Plus, it's not easy, and maybe not worthwhile. "It's very hard for
a partner that's not a large company to have multiple product lines and
have experts in both [systems]," Vabulas says. "I haven't seen
anybody be successful having both of them together in the last few years.
A company that's 100 people or less is going to struggle with that because
of the bandwidth."
In Greenbaum's opinion, the best option for partners that want to work
with both ERP suites is focusing on developing business processes rather
than implementing and conducting maintenance on the systems themselves.
But that, too, is a challenge.
"It's possible for a very savvy SAP partner with a lot of top-notch
business talent to be able to dabble in both environments," Greenbaum
says. "Then the real value-add is business savvy and not technology.
As long as the partnership requirements are around technical implementation,
it's going to be hard for anybody to straddle both environments.
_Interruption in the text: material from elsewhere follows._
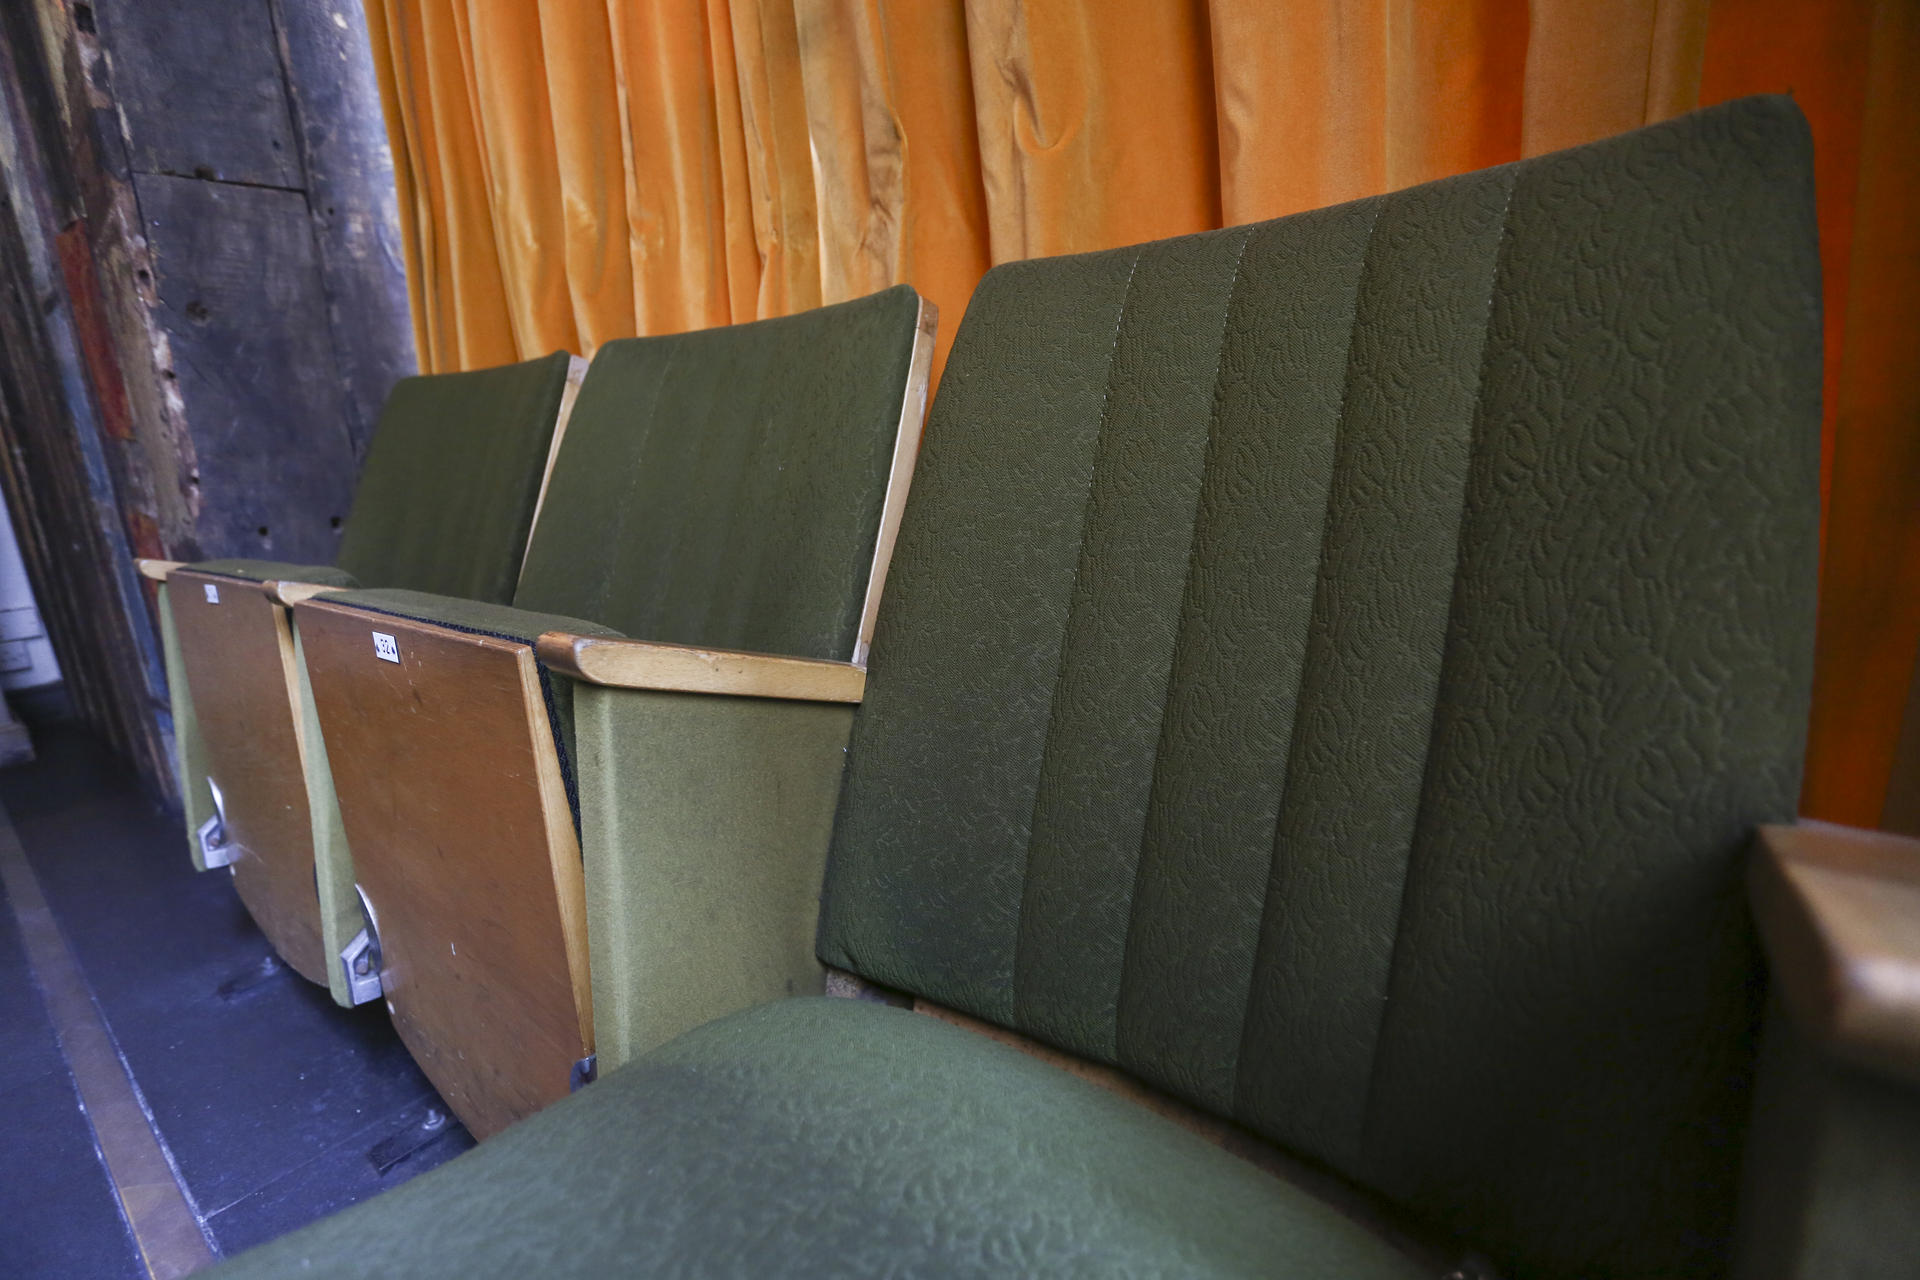 Vintage cinema seats and an adding machine (below) will be among the items for sale. Photos: Jonathan Wong
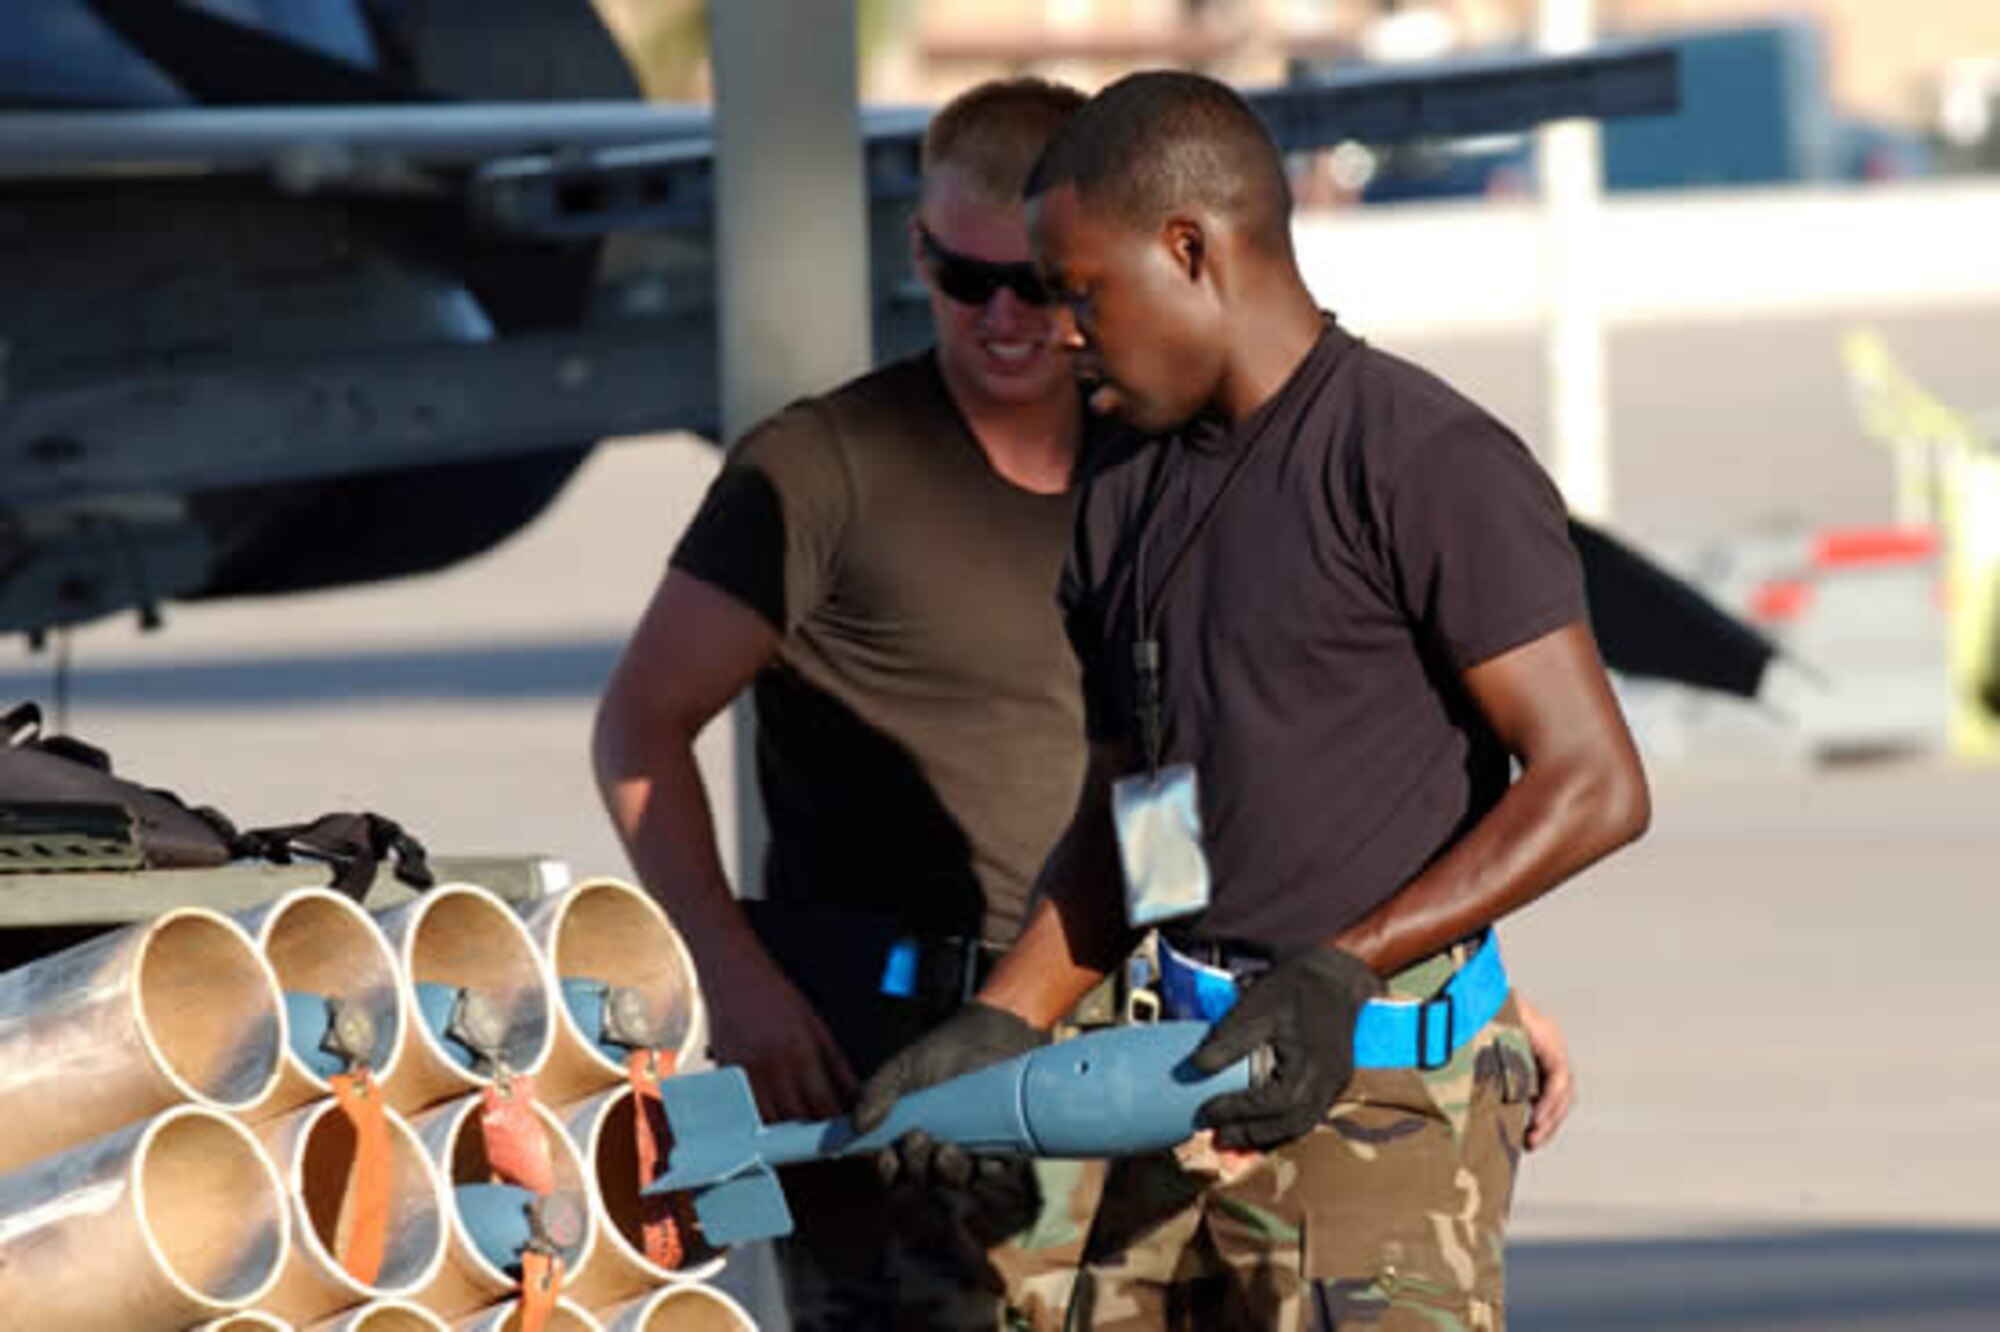 Senior Airman James Mitchell and Airman 1st Class Quincy Leslie, weapons specialists with the 62nd Aircraft Maintenance Unit, transfer BDU-33 practice bombs to another aircraft during routine flight operations. (U.S. Air Force photo/Tech. Sgt. Angela Clemens)

The [partners]
who are technology traditionalists can't make that shift. It means understanding
a vertical industry as well as or better than the actual practitioners.
Getting that business-level knowledge infused into this technology model
is not easy to do."
Rivalry in the Spotlight
Although Microsoft and SAP are hardly the only two players in the ERP
space -- Oracle Corp., for instance, currently has a stronger foothold
than that of Microsoft -- Redmond has made it very clear that SAP is its
main target. "Microsoft is going after No. 1 and ignoring Nos. 2 through
4," Greenbaum says.
All of which leads to increased visibility for both Dynamics and SAP.
"I think that people, when they're looking at solutions, they understand
that both SAP and [Microsoft] are long-term players in the space,"
Vabulas says.
As for Lind, she says that Microsoft's marketing of Dynamics, which began
in earnest last year, has also helped the SAP side of her business. "When
Microsoft starts talking about SAP being its main competitor, it gives
SAP credibility," she says. "I think it has helped."